- Location of Augusta, Montana
- Coordinates: 47°29′22″N 112°23′32″W﻿ / ﻿47.48944°N 112.39222°W
- Country: United States
- State: Montana
- County: Lewis and Clark

Area
- • Total: 0.92 sq mi (2.39 km^{2})
- • Land: 0.92 sq mi (2.39 km^{2})
- • Water: 0 sq mi (0.00 km^{2})
- Elevation: 4,078 ft (1,243 m)

Population (2020)
- • Total: 316
- • Density: 342.6/sq mi (132.26/km^{2})
- Time zone: UTC-7 (Mountain (MST))
- • Summer (DST): UTC-6 (MDT)
- ZIP code: 59410
- Area code: 406
- FIPS code: 30-03025
- GNIS feature ID: 2407782

= Augusta, Montana =

Augusta is an unincorporated community and census-designated place (CDP) in Lewis and Clark County, Montana, United States. The population was 309 at the 2010 census and rose to 316 in the 2020 census.
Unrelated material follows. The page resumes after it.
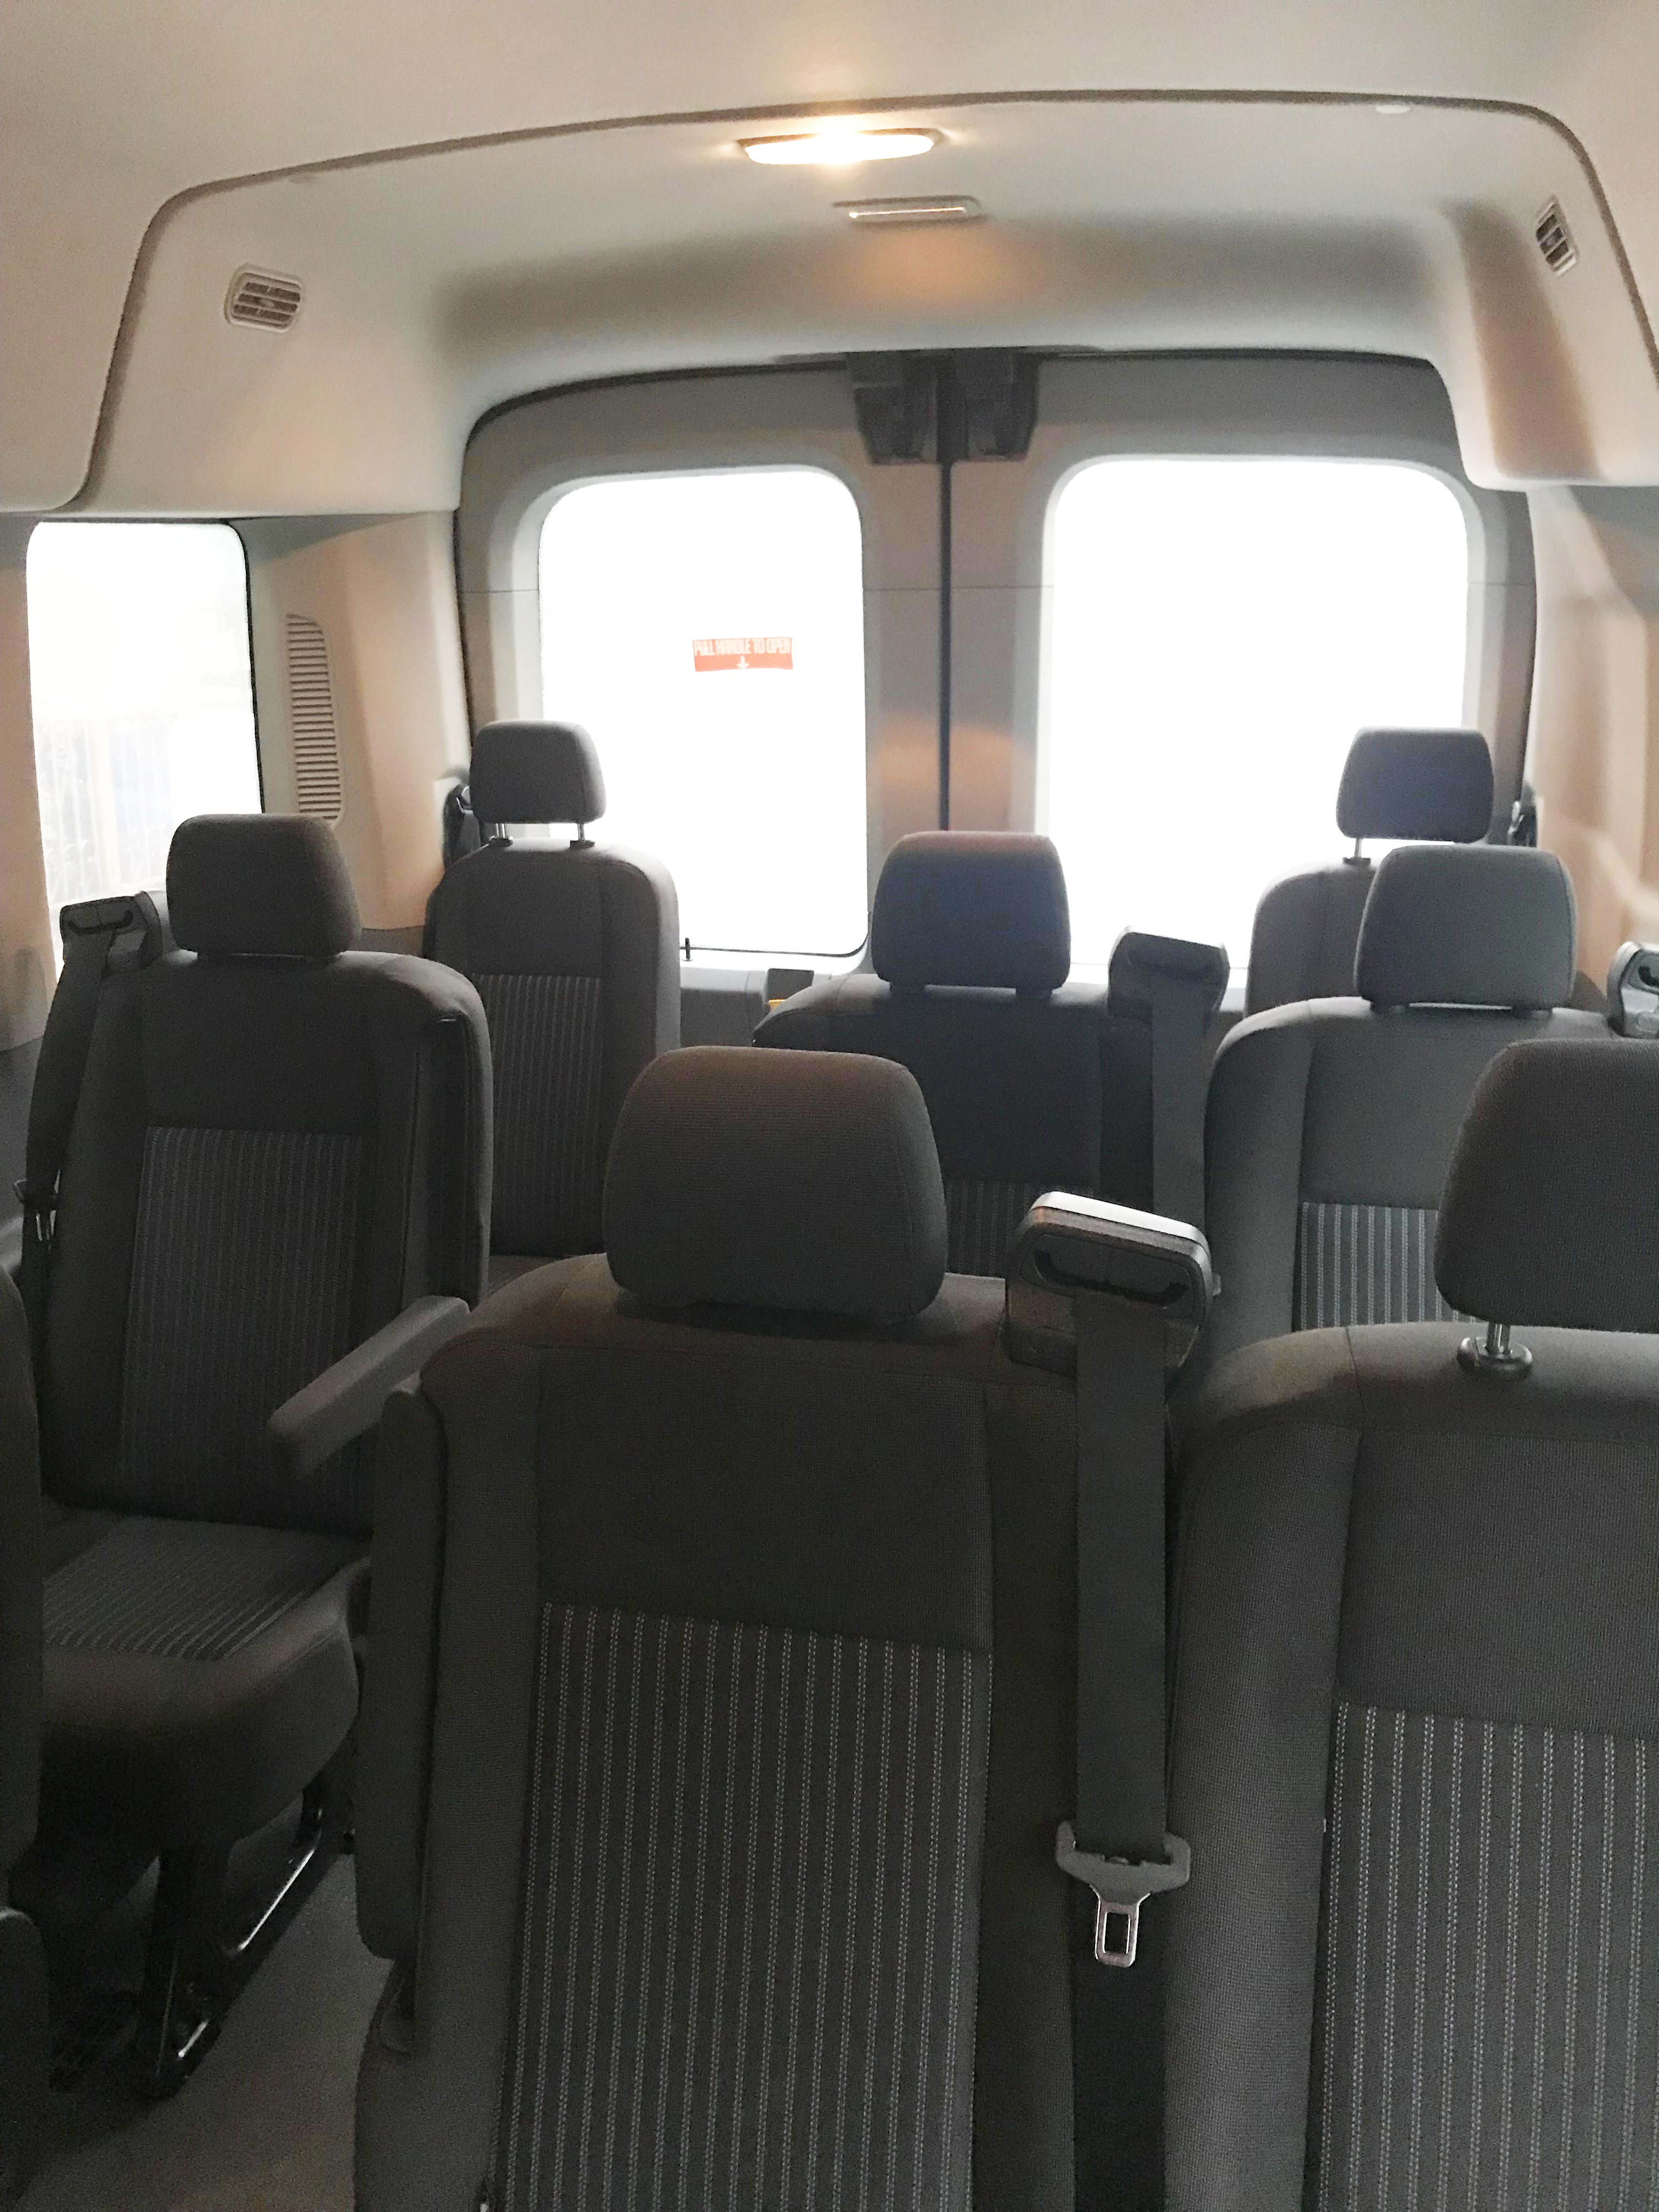 Empty seats in a van

The most accepted version in the naming of this town is after Augusta Hogan, thought to be the first child born in this town, the daughter of J. D. Hogan, an early rancher.
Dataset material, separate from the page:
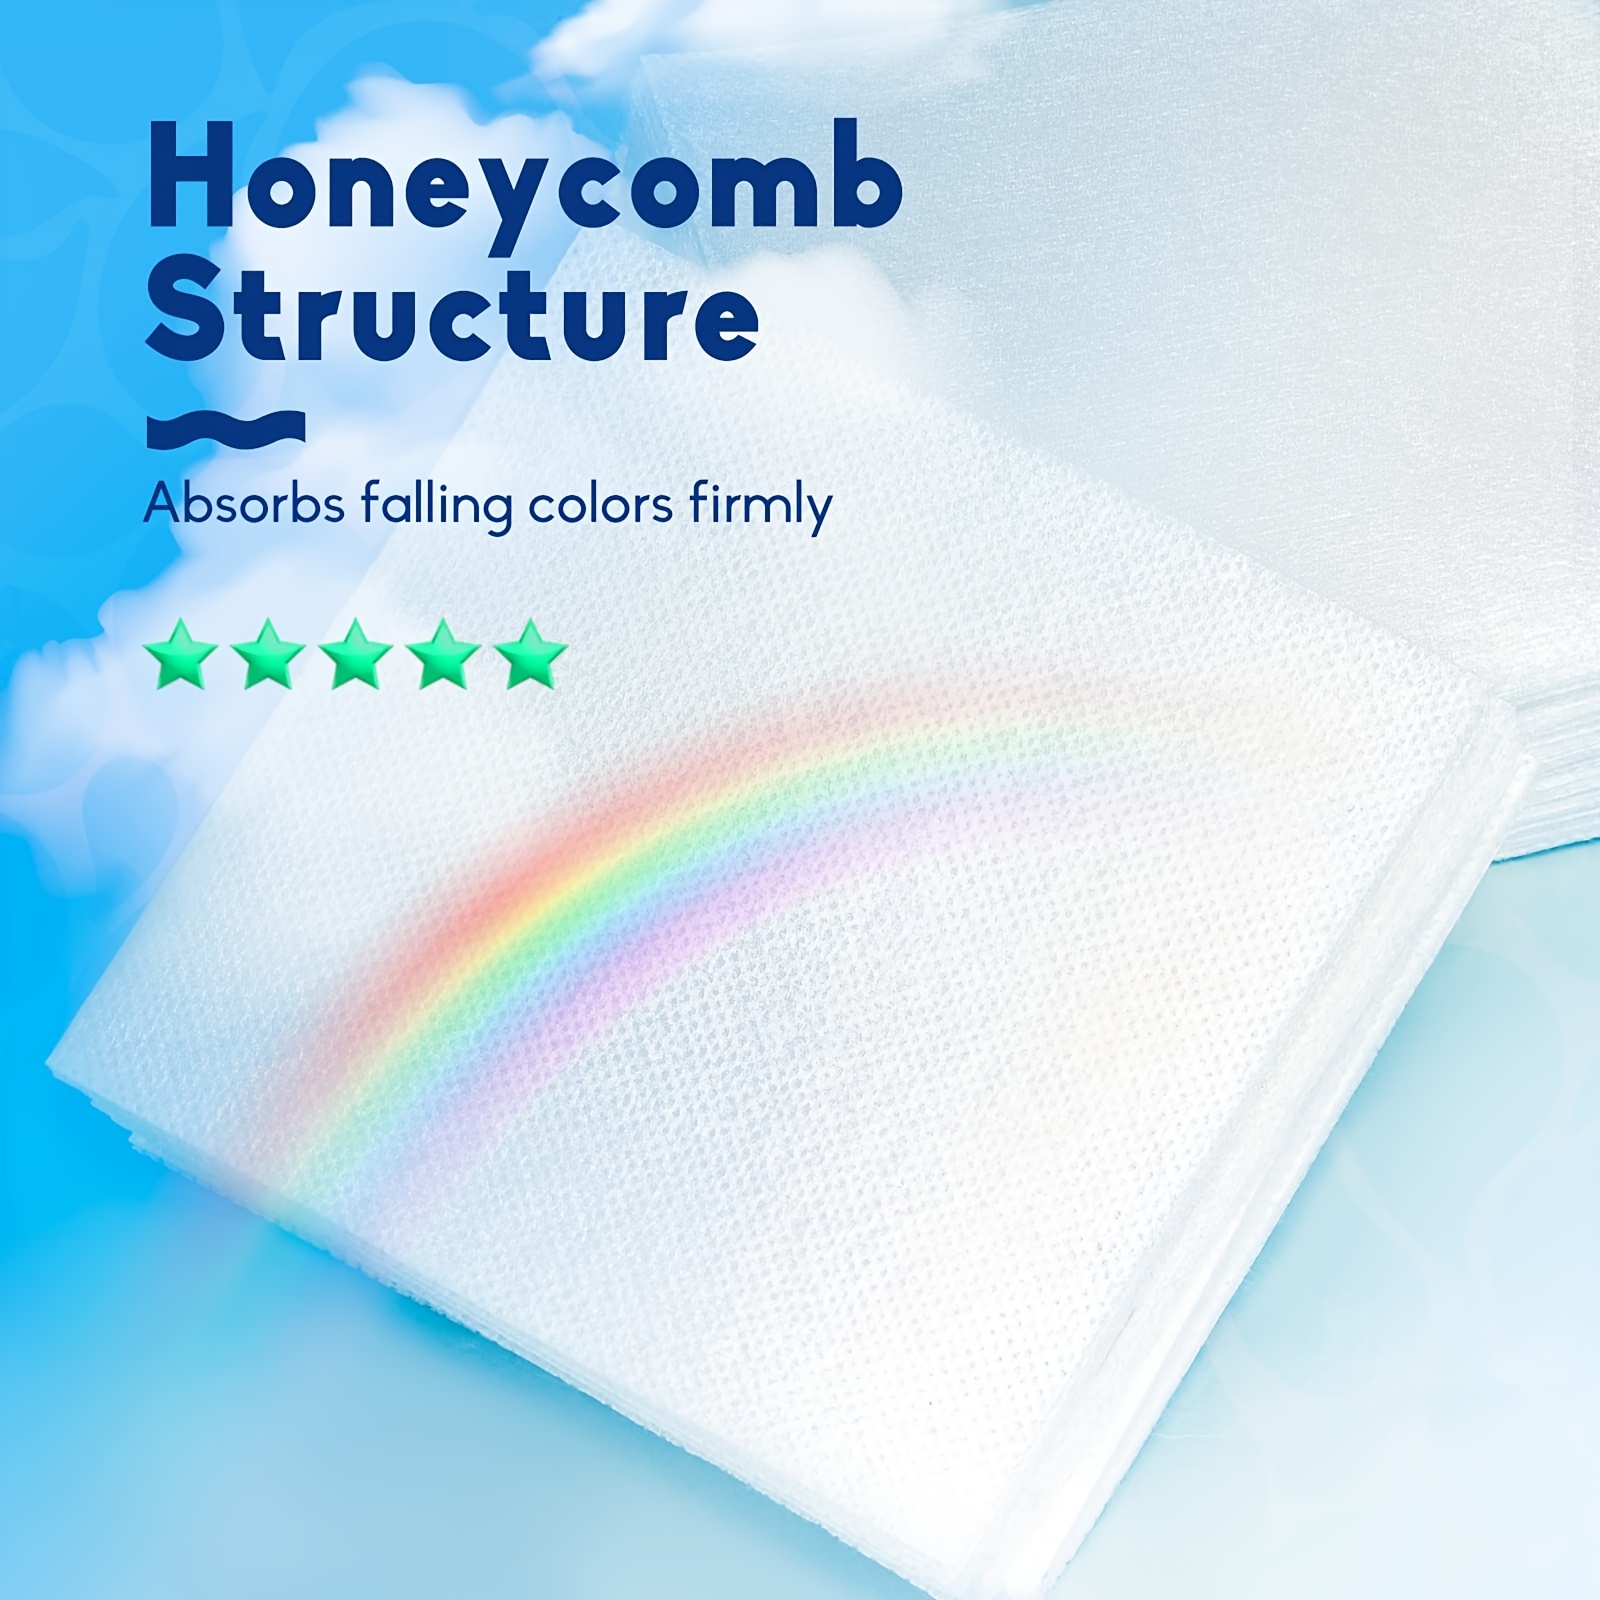 Dylon Colour Catcher Complete Action Laundry Sheets – 50 Sheets

Augusta is part of the Helena Micropolitan Statistical Area.

The original townsite was dedicated on May 8, 1893. A fire on April 4, 1901, destroyed part of the town.

On October 10, 2020, a fire caused by an electrical issues engulfed the historic Bunkhouse Inn.

==Geography==
Augusta is located in northern Lewis and Clark County on the north side of Elk Creek (or the South Fork of the Sun River), which flows out of the Lewis and Clark Range to the southwest and leads northeast to the Sun River, part of the Missouri River watershed.
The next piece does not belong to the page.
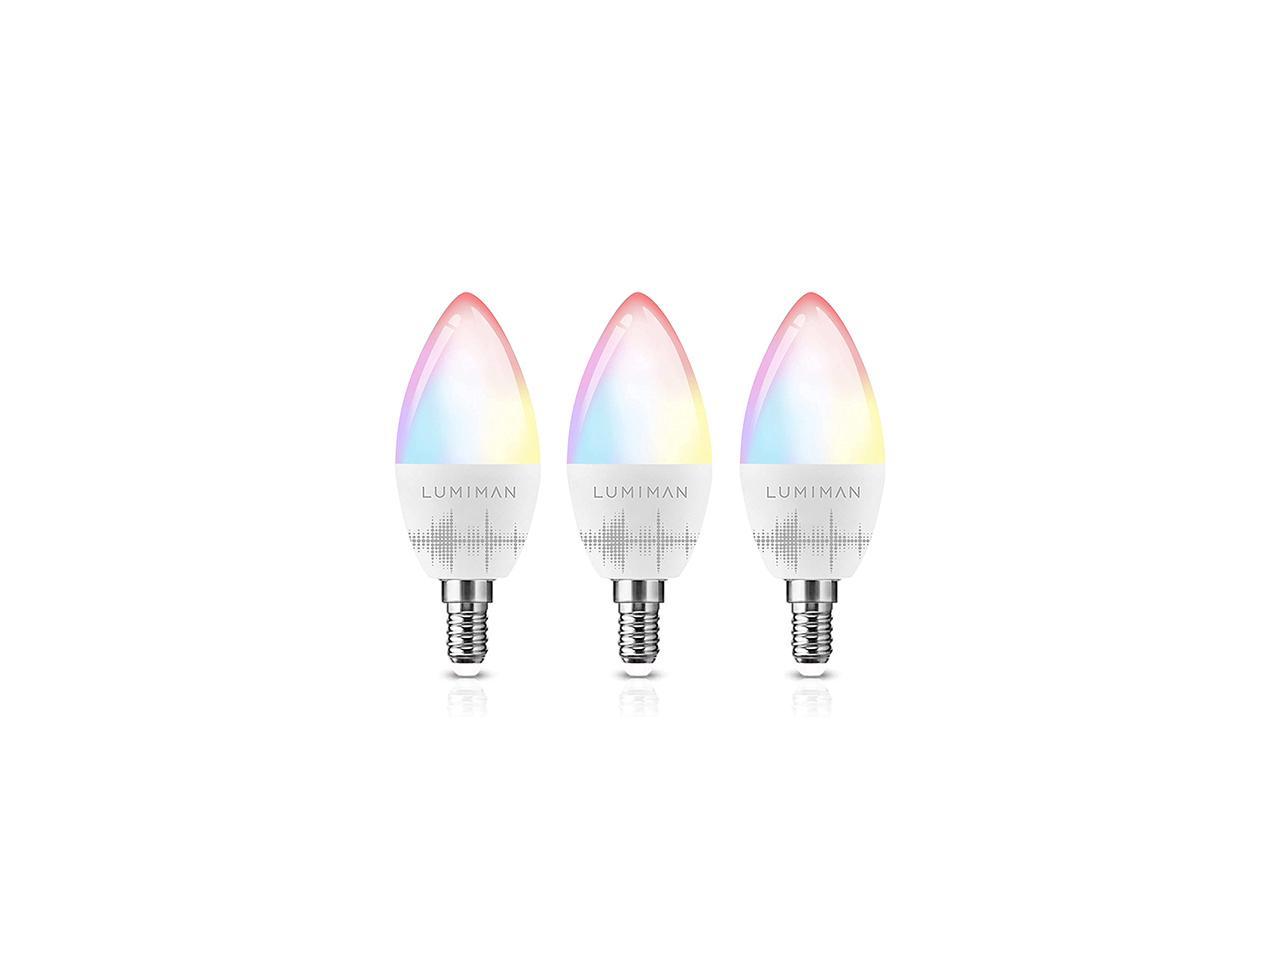 LED Candelabra Bulbs E12 Base, LUMIMAN Smart Light Bulbs Small Base

According to the United States Census Bureau, the Augusta CDP has a total area of 2.4 km2, all land.

Augusta is a gateway to the Bob Marshall Wilderness and Scapegoat Wilderness areas and the Lewis and Clark National Forest.

Elk Creek flows through the CDP, and has even caused Augusta streets to flood. (See climate)

===Climate===
According to the Köppen Climate Classification system, Augusta has a semi-arid climate, abbreviated "BSk" on climate maps.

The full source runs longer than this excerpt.